Many do not take CPAN into account when they consider the value of Perl over other langauges. Thousands of pre-writen applications and subroutines available for free.

Neil Watson
watson-wilson.ca


Comment on Re: Perl is dying
Re^2: Perl is dying
by Anonymous Monk on Jul 19, 2006 at 20:24 UTC
    CPAN is great, but it suffers from Perl philosophy: "There's more than one way to do it" . Perl module authors not only re-invent the wheel: they argue stridently for the use of sleds, rollers, travois, octagonal wheels, and argue against development of roads, because roads aren't compatible with a travois, and "what about all those people who don't like wheels?"

    CPAN is stuffed with great, good, bad, and terrible code all mixed up together; there's no consistent standards for versioning, there's no consistent standards for coding; like Perl, there's little, if any, consistent standards.

    If you have to review all the code you're about to use manually just to know if it is robust enough to suit your purposes, you gain little, if any benefit, over simply writing the code yourself.

      This is why a Linux distribution will include Perl modules for your use. If you can't trust them then how can you trust your distribution. Is a code review slower than writing your own? That's not a simple question.

      Neil Watson
      watson-wilson.ca

      CPAN is stuffed with great, good, bad, and terrible code all mixed up together; there’s no consistent standards for versioning, there’s no consistent standards for coding; like Perl, there’s little, if any, consistent standards.

      And that’s why it thrives. If it tried to enforce any of these to any extent, it would wither, like the repositories of other languages have.

      PEAR, at the very least, is a wasteland. Ruby’s Gems thingie is doing better… but is orders of magnitude smaller than the CPAN. I don’t think Python has anything resembling any of these.
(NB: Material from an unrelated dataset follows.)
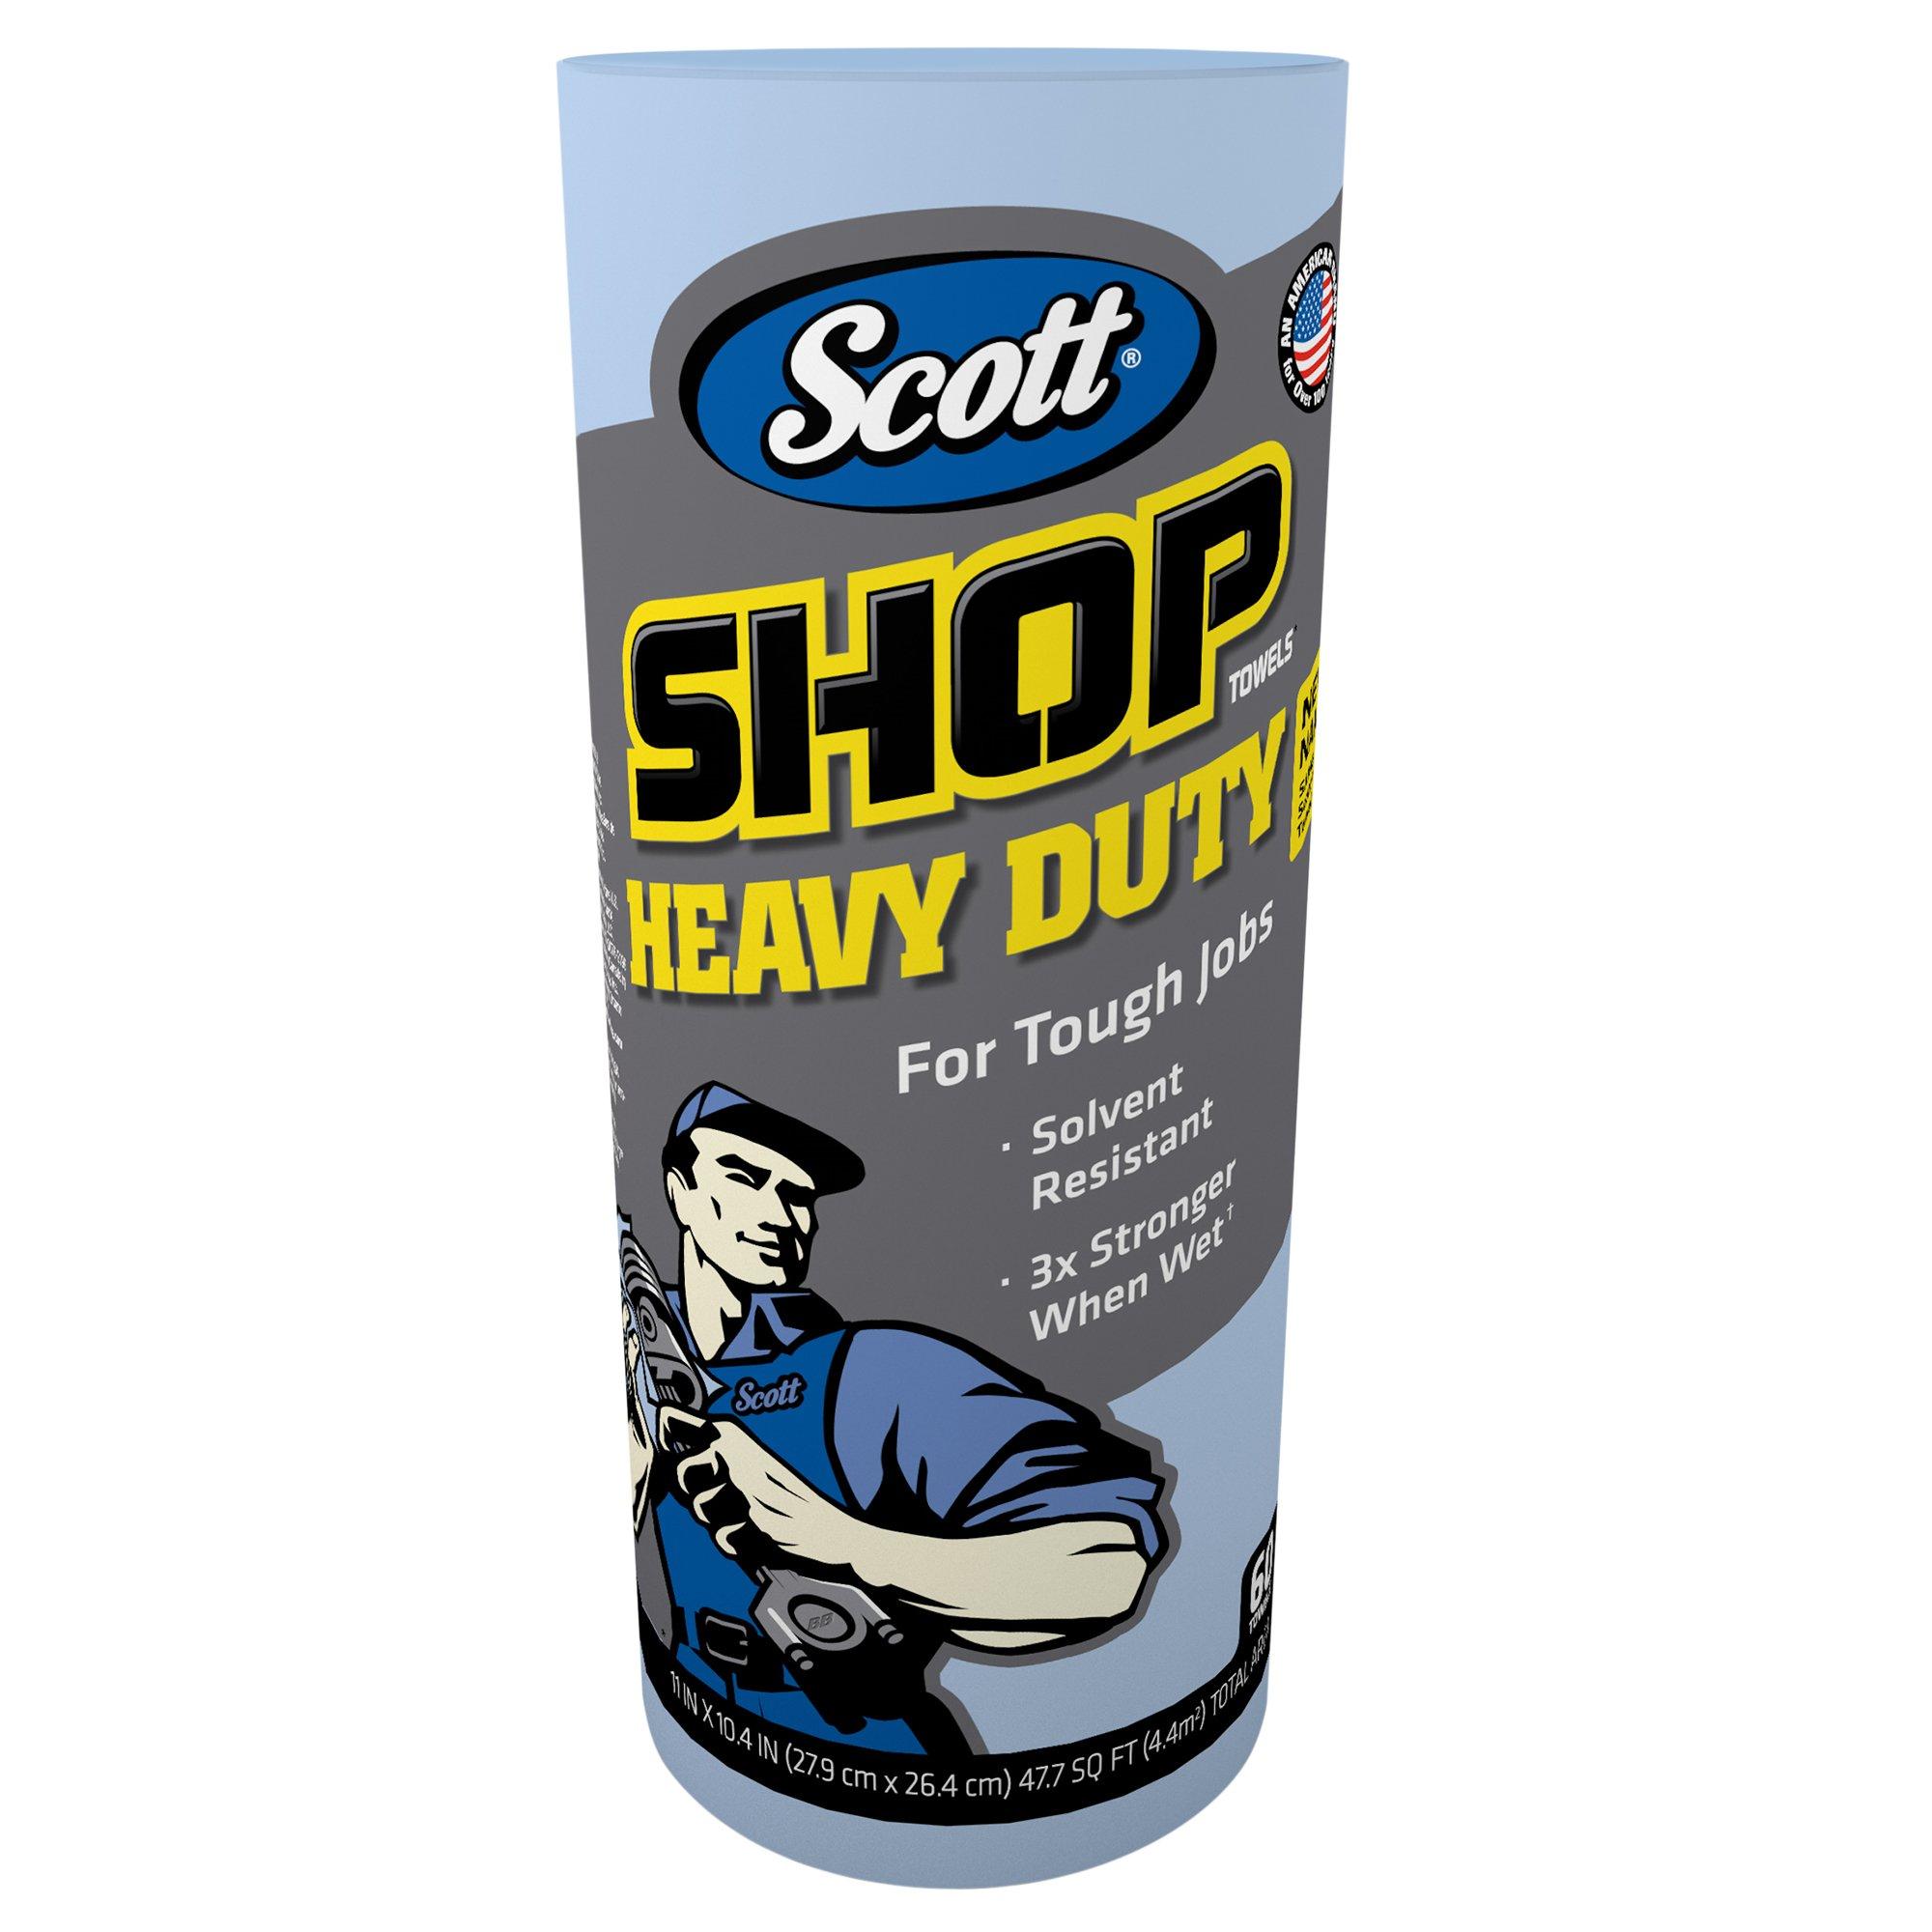 Scott 32992 Pro Shop Towels, Heavy Duty, 1-Ply, Blue, 10 2/5'' x 11'' (Case of 12 Rolls) by Kimberly-Clark Professional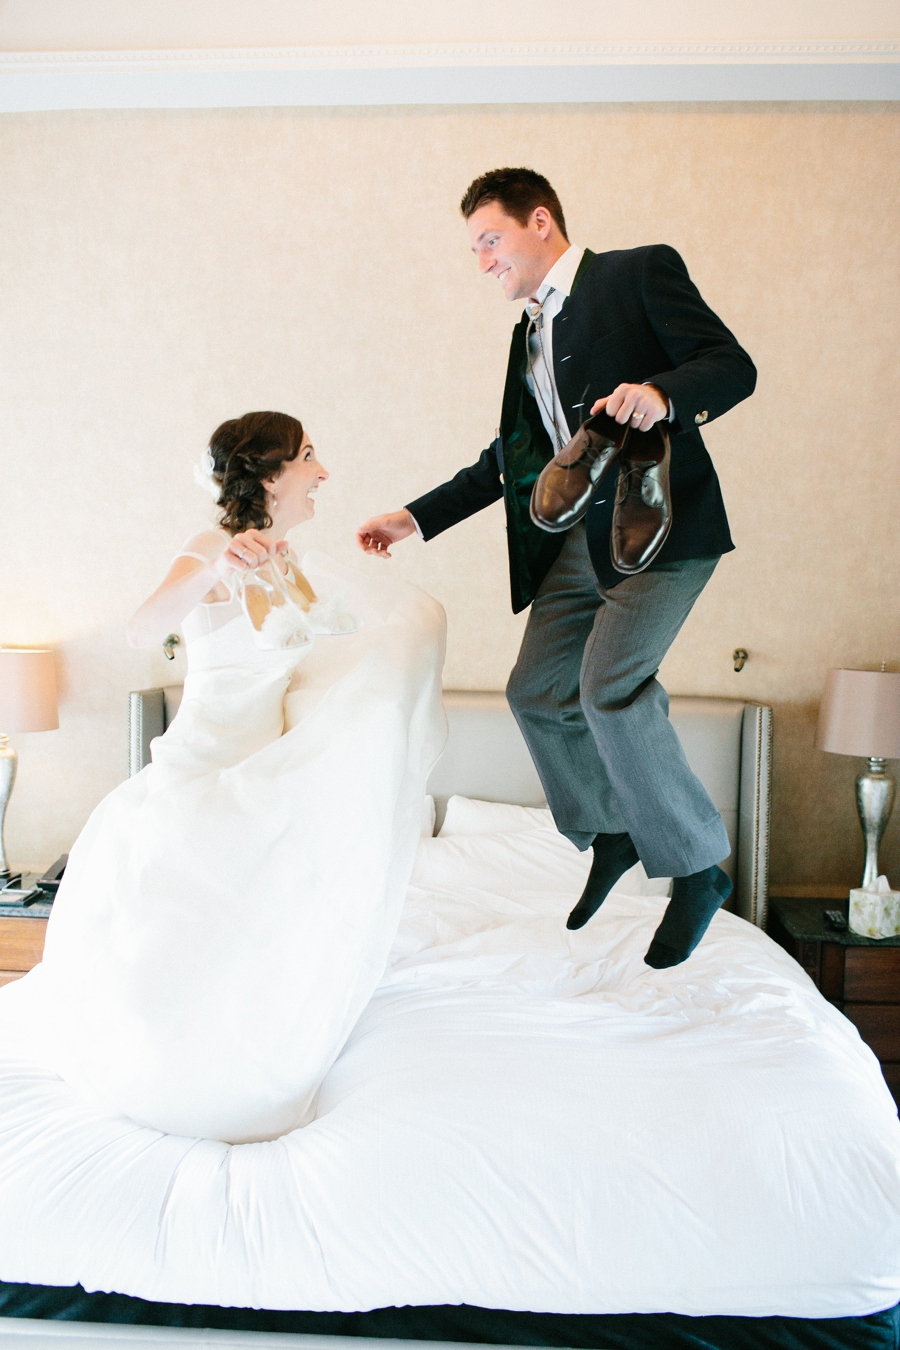 136_The_Fairmont_Banff_Springs_Banff_Alberta_Canada_Wedding_Photo.JPG

Java’s central repository is called “Google” and the quality of stuff is all over the place – certainly less consistent than CPAN with its lack of standards… although the high-quality Java libs are consistenly good and well documented (though that barely makes the language any less unfun…). We’ll see where the JSAN goes – being a bit of an outlier in this set as it is.

      Certainly I’ll take the CPAN over any of those.

      Makeshifts last the longest.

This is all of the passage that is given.